The Food and Drug Administration (FDA) is cracking down on manufacturers who have opioid drugs in the works. The agency has drafted new guidelines for approving new opioids that include what studies should be conducted to demonstrate that a given formulation has abuse-deterrent properties, how those studies will be evaluated by the agency, and what labeling claims may be approved based on the results of those studies.
The new recommendation, entitled “Guidance for Industry: Abuse-Deterrent Opioids – Evaluation and Labeling,” is part of a larger effort on the FDA’s part to prevent prescription drug abuse and misuse.
Opioids are powerful painkillers that can alleviate pain but also give feelings of euphoria. The drugs can be abused in a number of ways. Abuse-deterrent formulations target the known or expected routes of abuse such as crushing on order to snort or dissolving in order to inject, for the specific opioid drug substance in that formulation.

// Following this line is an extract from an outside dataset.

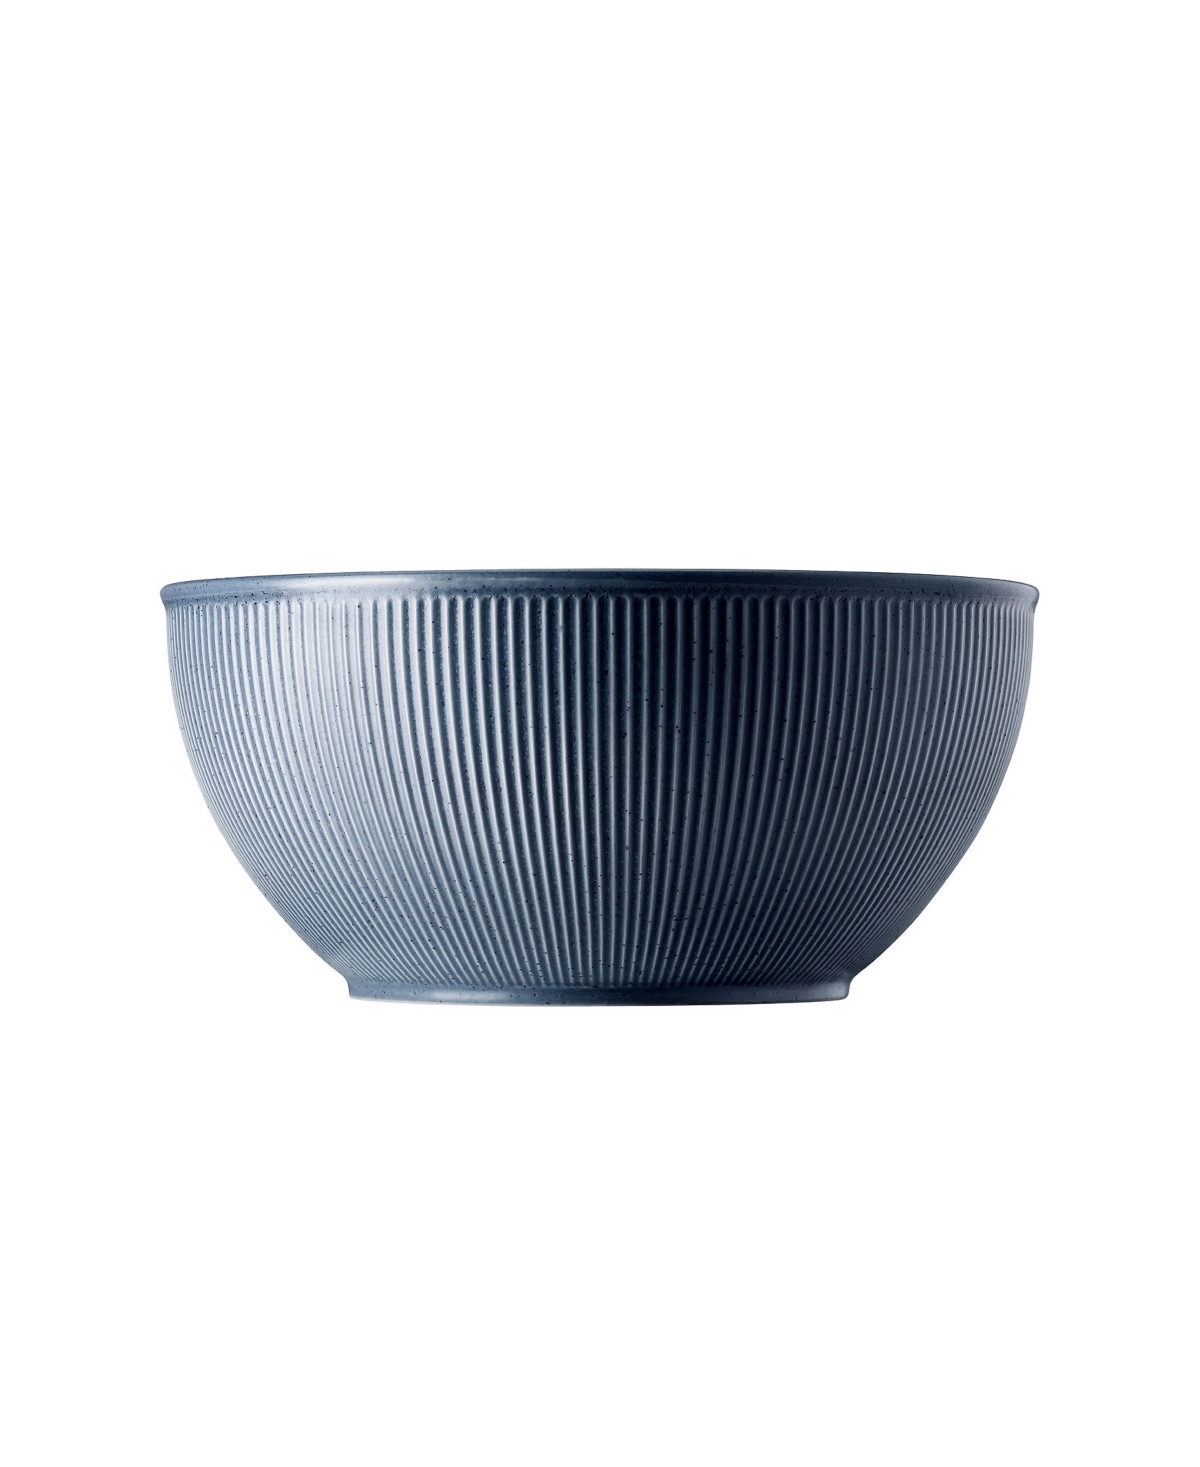 Rosenthal Clay Serve Bowl 9.5" In Gray

The science behind making a drug abuse-deterrent is still relatively new, and the formulation technologies and the analytical, clinical and statistical methods for evaluating those technologies are quickly evolving. The FDA says it will take a flexible, adaptive approach to the evaluation and labeling of drugs designed to be abuse-deterrent.
“Our nation is in the midst of a prescription drug abuse epidemic,” said Gil Kerlikowske, director of National Drug Control Policy. “While there are no silver bullet solutions to this public health and safety challenge, abuse-deterrent formulations of powerful prescription opioids can make a difference in addressing this epidemic.”